What you are asked to do:
Using the material below, return exactly the lines between the one holding "3 Easy Ways to Upgrade a White Wedding Cake" and the one holding "Glückliches Springen des", inclusive, and no others.

Provided records:

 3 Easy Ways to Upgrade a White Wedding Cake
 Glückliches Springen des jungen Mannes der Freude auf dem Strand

...

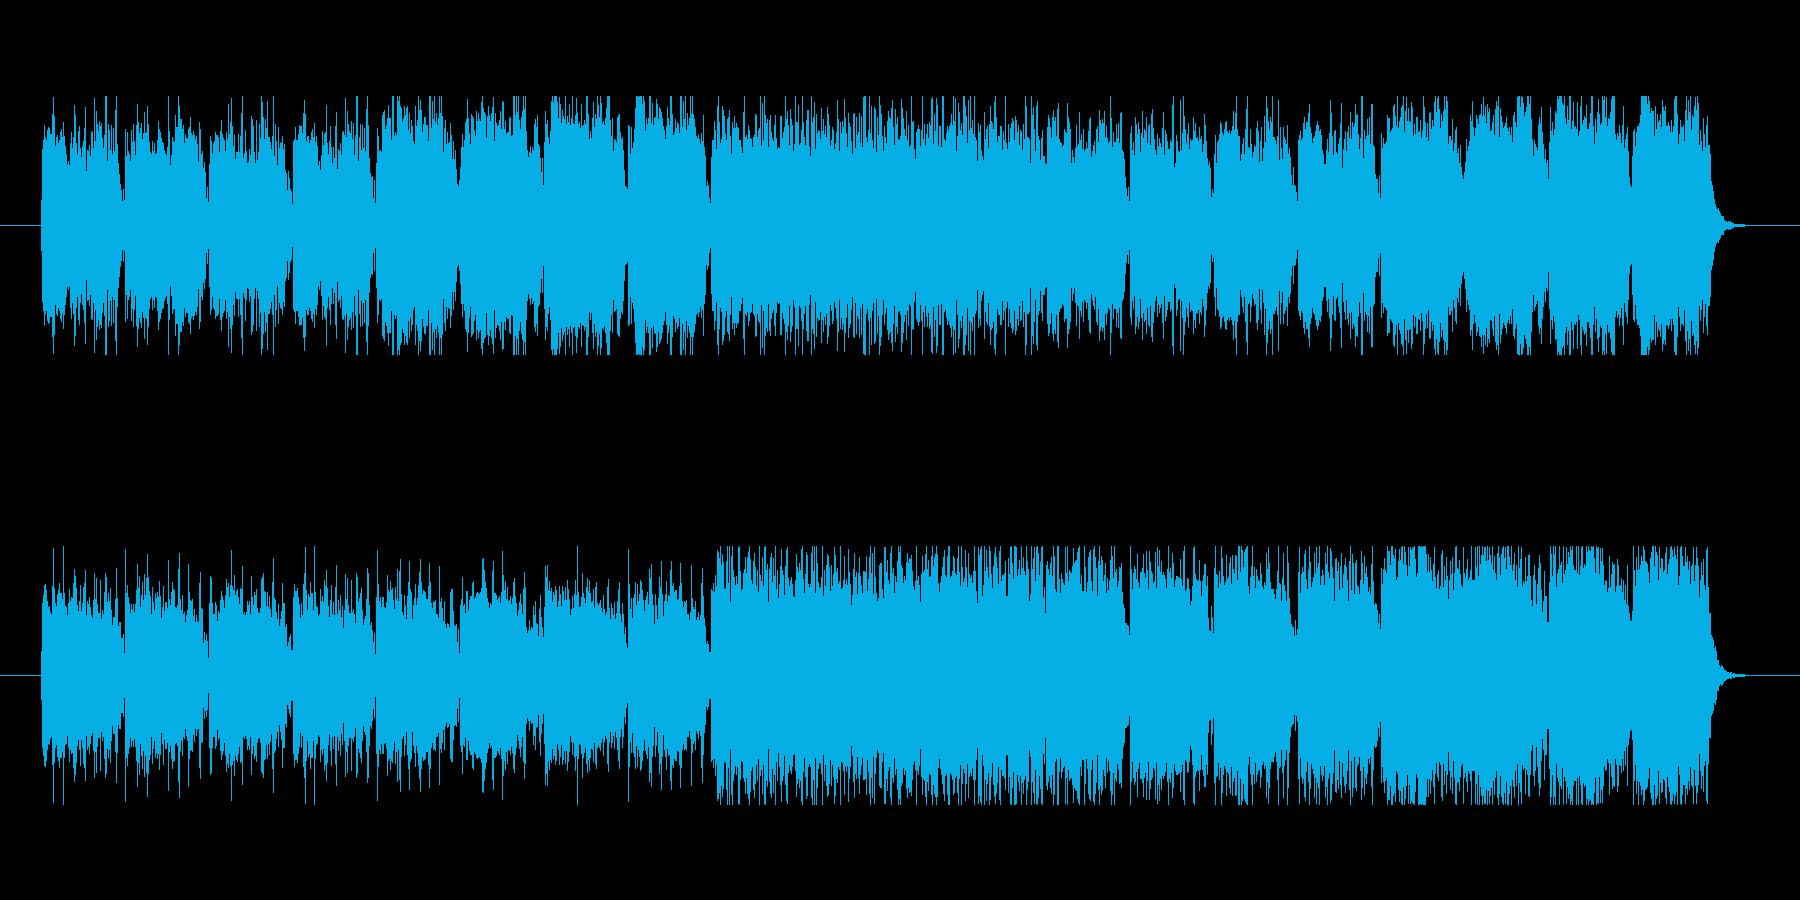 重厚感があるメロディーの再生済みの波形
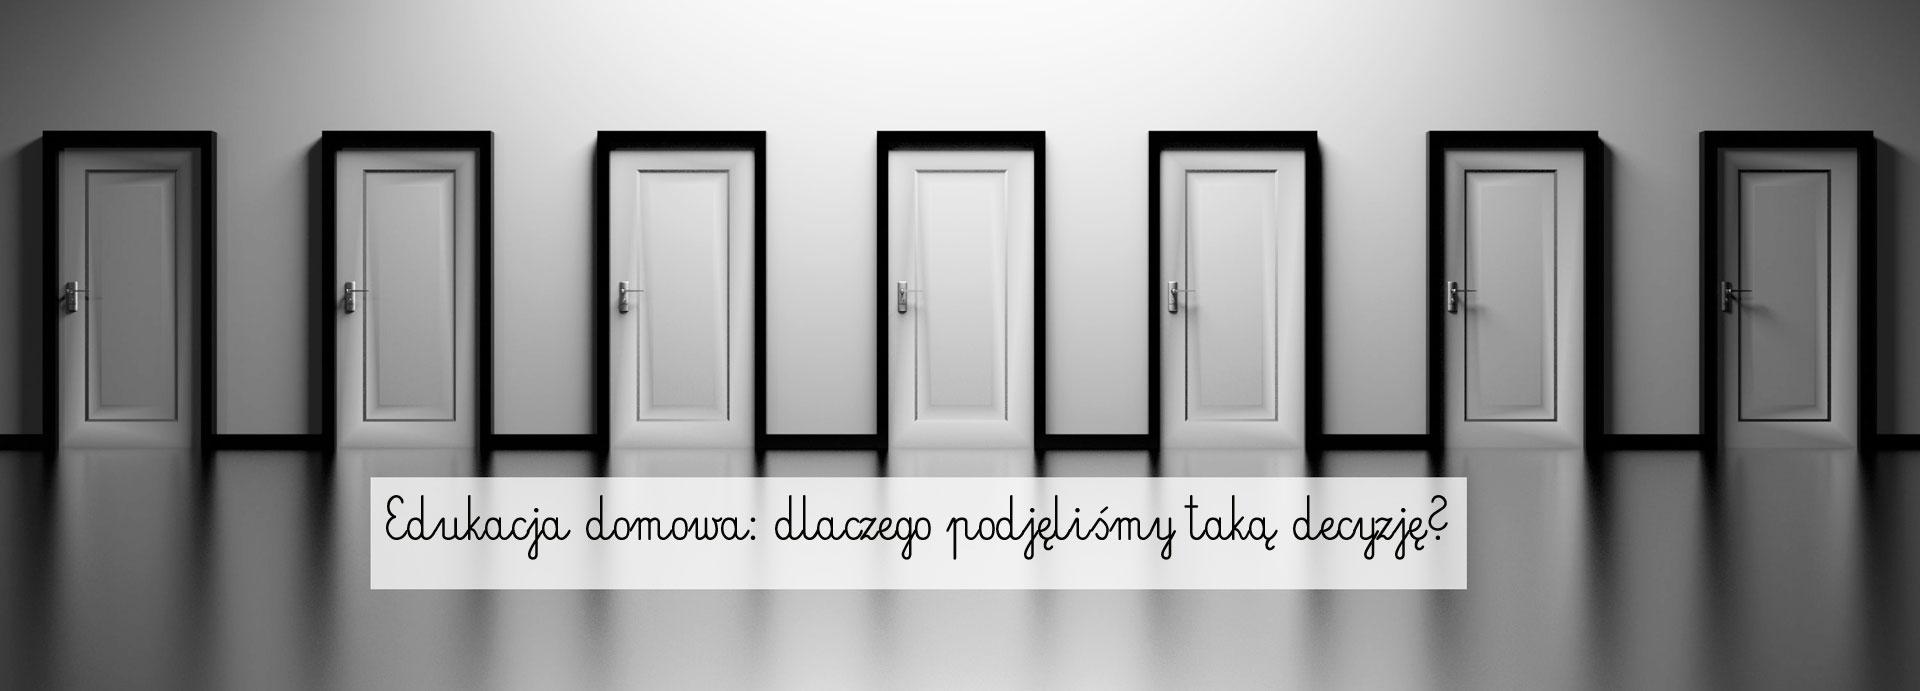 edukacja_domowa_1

Task answer:
 3 Easy Ways to Upgrade a White Wedding Cake
 Glückliches Springen des jungen Mannes der Freude auf dem Strand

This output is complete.